The FTPS data model is a flat structure. Each record gets stored into a file and the name of each file serves as the unique key. Generally, the hierarchy of files in which records get stored follow this format:

<prefix>/<topic>/<encodedPartition>/<topic>+<kafkaPartition>+<startOffset>.<format>

Where:

  • <prefix> is specified with the connector’s ftps.working.dir configuration property.
  • <topic> corresponds to the name of the Kafka topic from which the records were read.
  • <encodedPartition> is generated by the FTPS sink connector’s partitioner and is of the format partition=<kafka-partition-number>.
  • <kafkaPartition> is the Kafka partition number from which the records were read.
  • <startOffset> is the Kafka offset of the first record written to this file.
  • <format> is the extension identifying the format in which the records are serialized in this FTPS file.

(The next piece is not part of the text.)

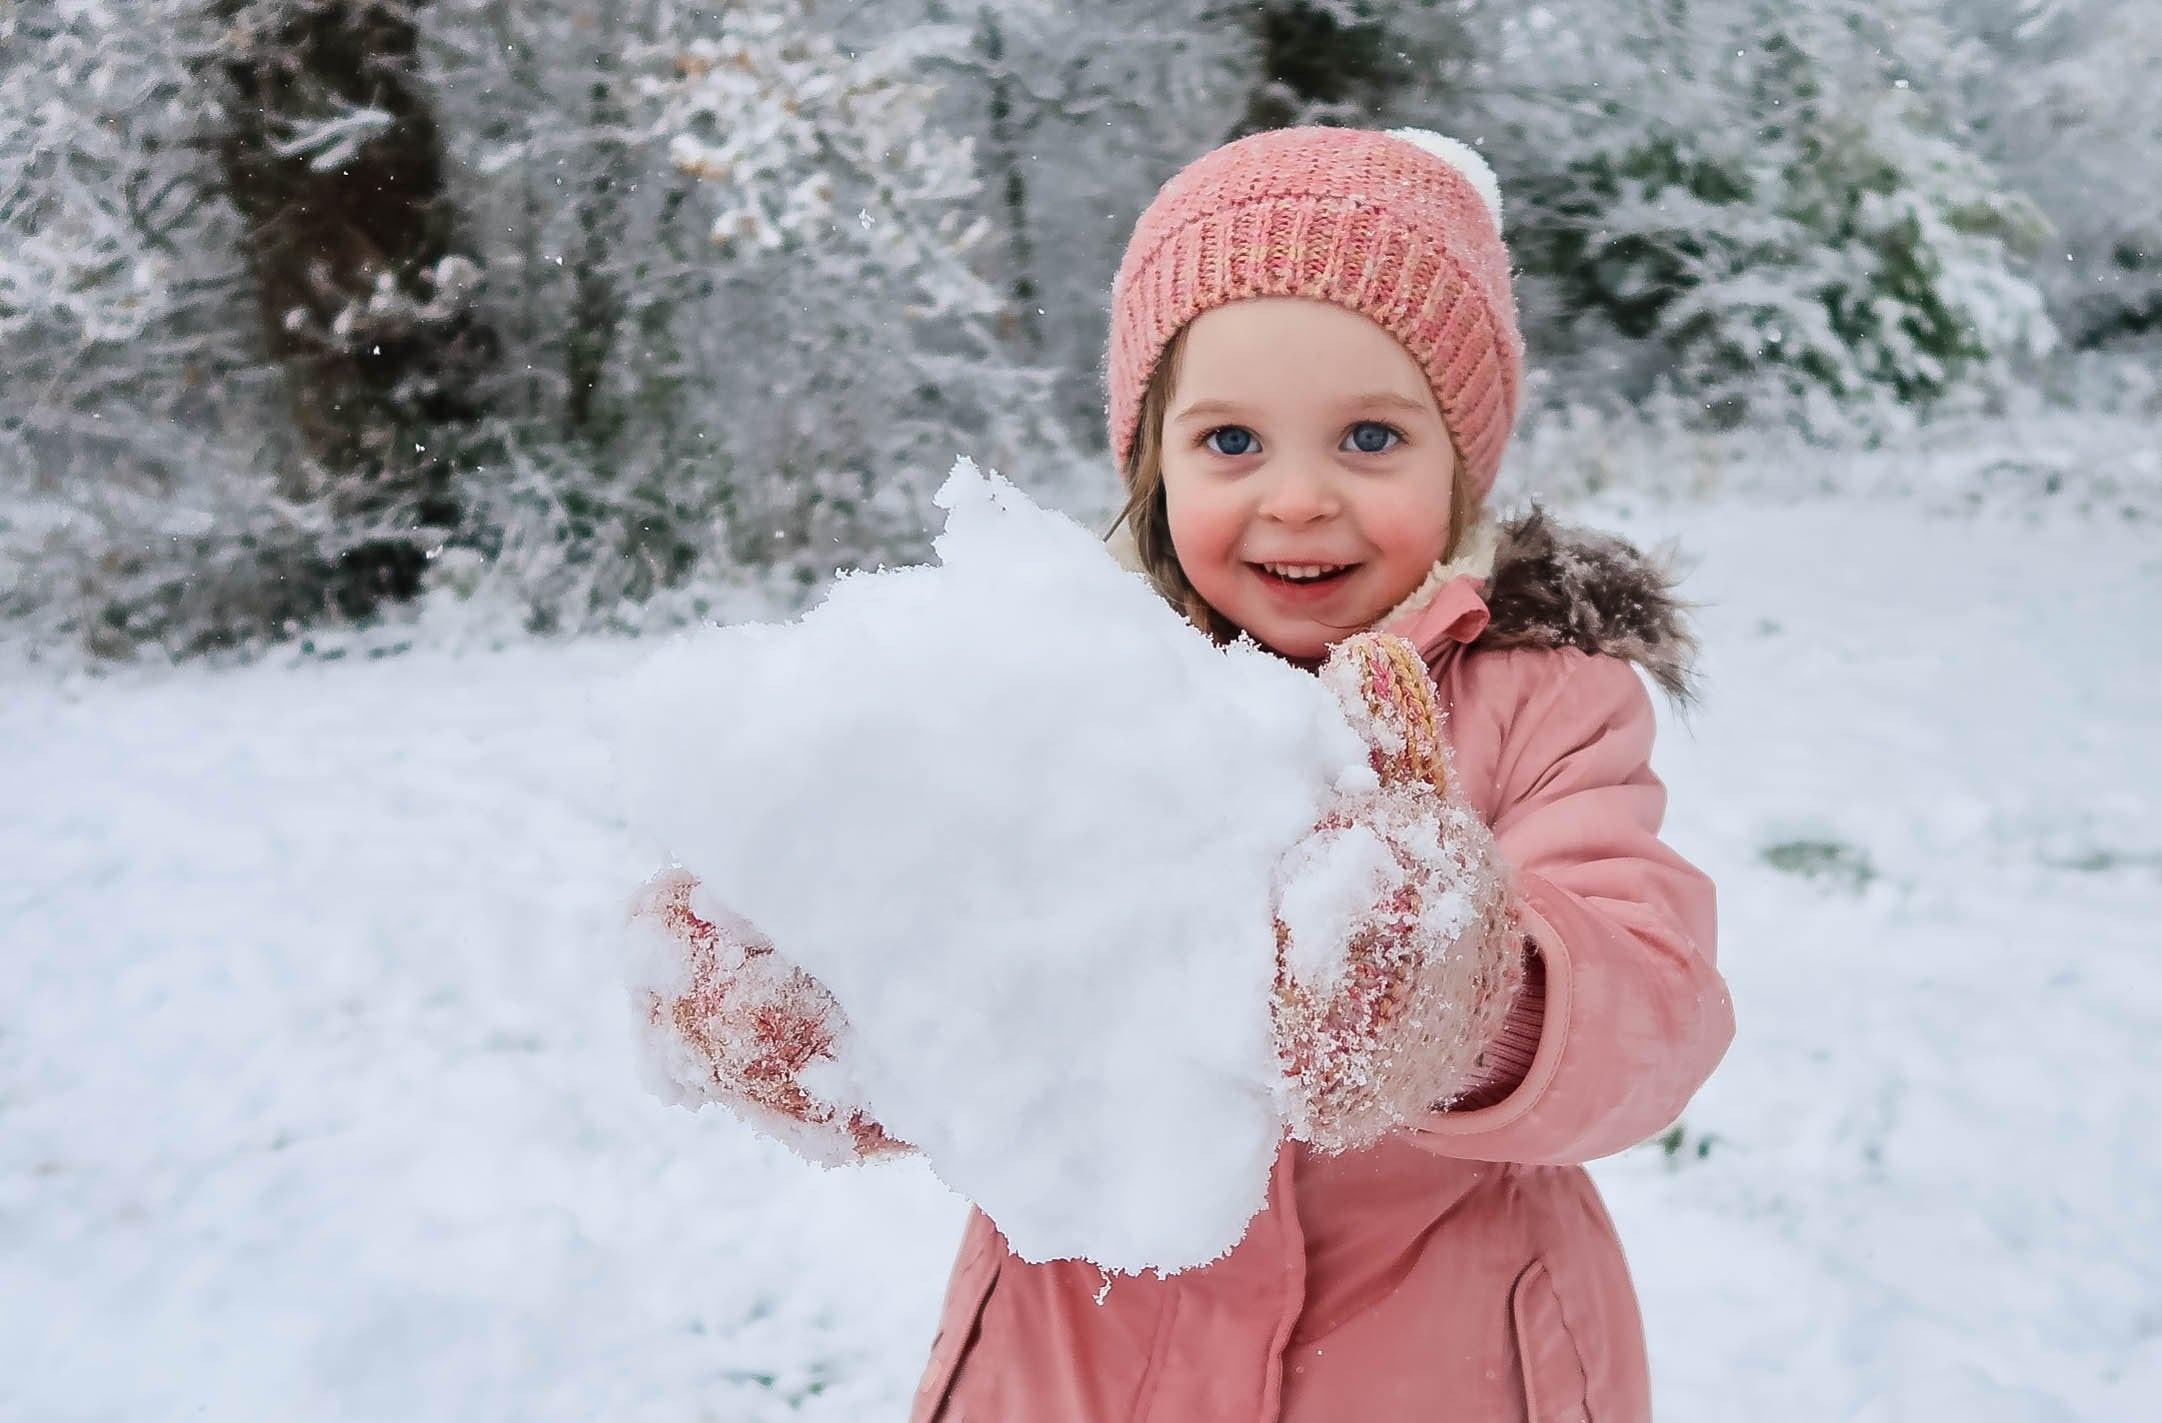 Картинки дети зима, надписями мудрыми

Partitioning Records into FTPS files

The FTPS sink connector’s partitioner determines how records read from a Kafka topic are partitioned into FTPS directories. The partitioner preserves the same topic partitions as in Kafka, and records from each topic partition ultimately end up in an FTPS file with a name that includes the Kafka topic and Kafka partitions.

FTPS File Formats

The FTPS sink connector can serialize multiple records into each FTPS file using a number of formats. The connector’s format.class configuration property identifies the name of the Java class that implements the io.confluent.connect.storage.format.Format interface. The FTPS sink connector comes with several implementations:

  • Avro: Use format.class=io.confluent.connect.ftps.sink.format.avro.AvroFormat to write the FTPS file as an Avro container file and include the Avro schema in the container file followed by one or more records. The connector’s avro.codec configuration property specifies the Avro compression code. Valid values are:

    • null (the default) for no Avro compression
    • deflate to use the deflate algorithm as specified in RFC 1951
    • snappy to use Google’s Snappy compression library
    • bzip2 for BZip2 compression

    Optionally set enhanced.avro.schema.support=true to enable enum symbol preservation and package name awareness.

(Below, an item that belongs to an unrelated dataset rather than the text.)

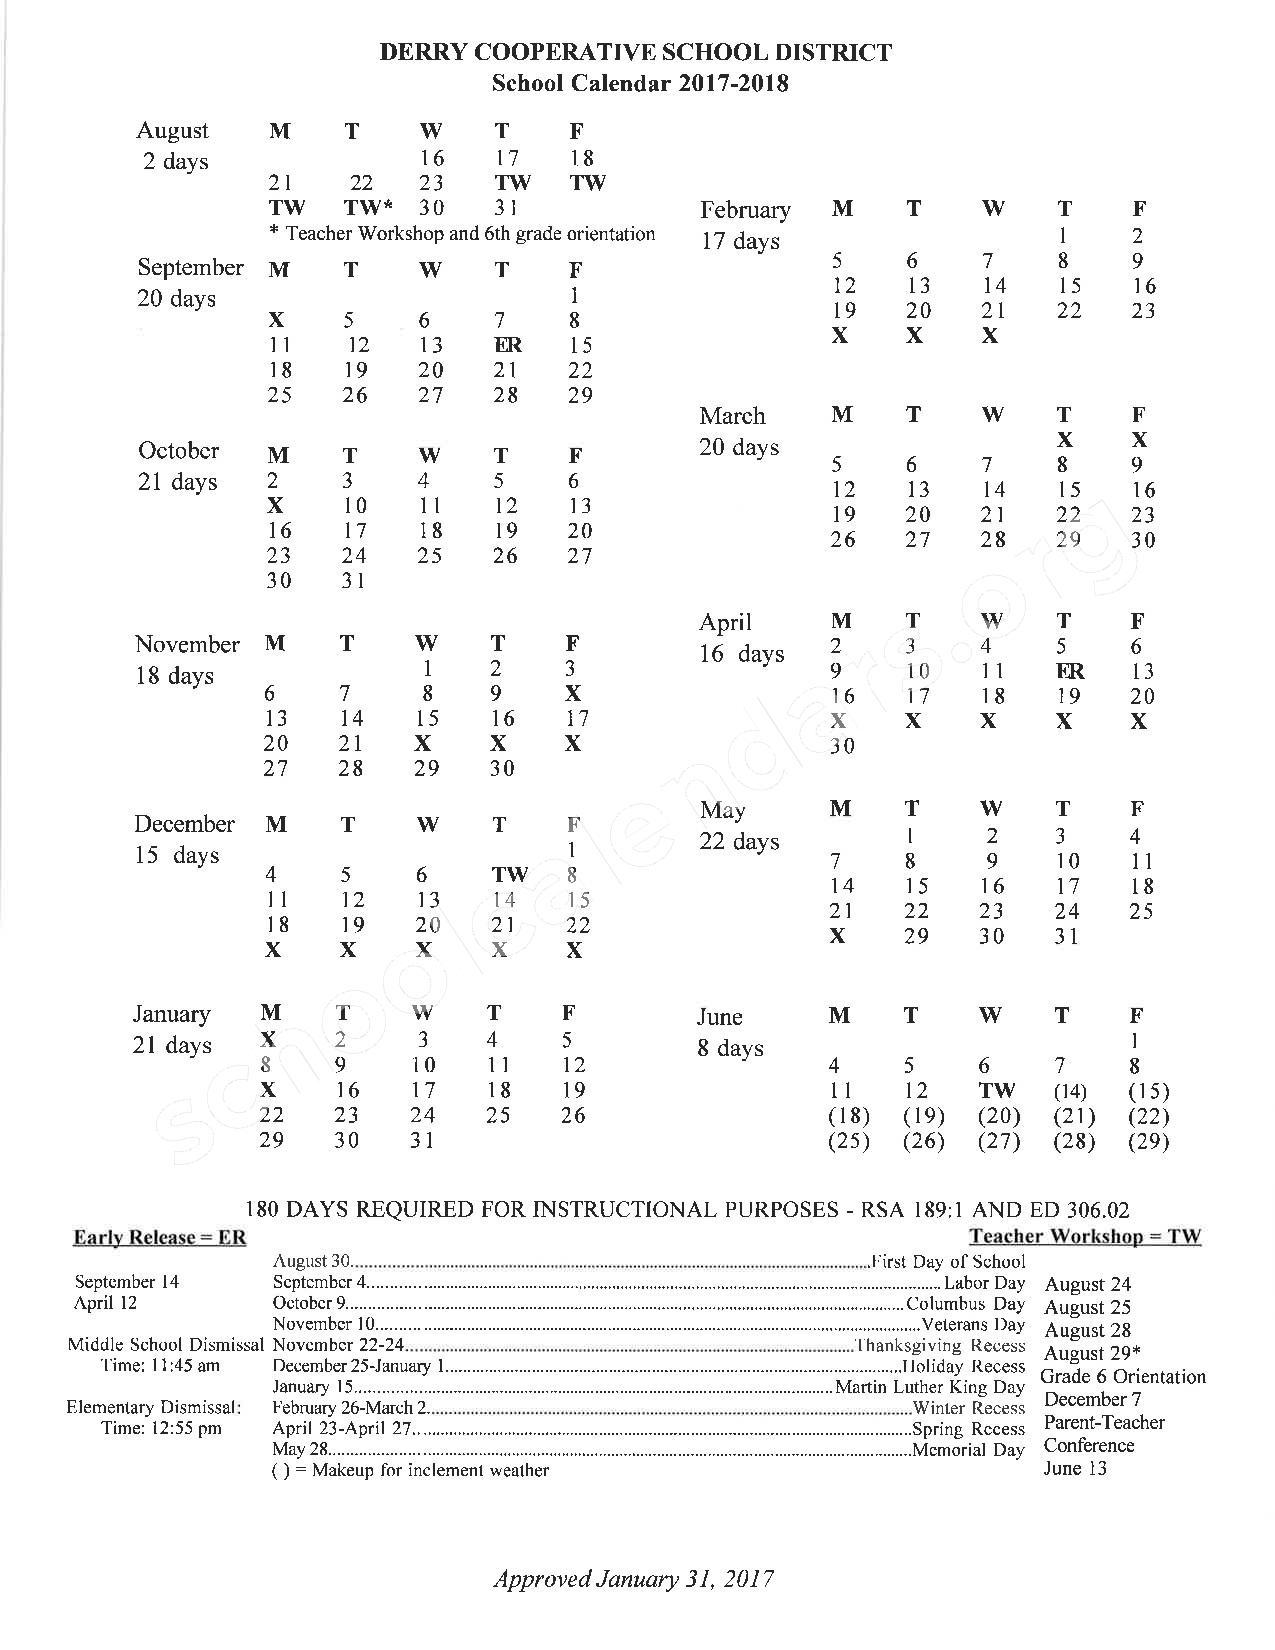 2017 - 2018 District Calendar – SAU 10 - Derry Cooperative School District – page 1

  • JSON: Use format.class=io.confluent.connect.ftps.sink.format.json.JsonFormat to write the FTPS file containing one JSON serialized record per line. The connector’s ftps.compression.type configuration property can be set to none (the default) for no compression or gzip for GZip compression.

  • Parquet: Use format.class=io.confluent.connect.ftps.sink.format.parquet.ParquetFormat to write the FTPS file as a parquet container file and will include the Parquet schema in the container file followed by one or more records.

  • CSV: Use format.class=io.confluent.connect.ftps.sink.format.csv.CsvFormat to write the FTPS file containing a comma-separated line for each record.

  • TSV: Use format.class=io.confluent.connect.ftps.sink.format.tsv.TsvFormat to write the FTPS file containing a tab space separated line for each record.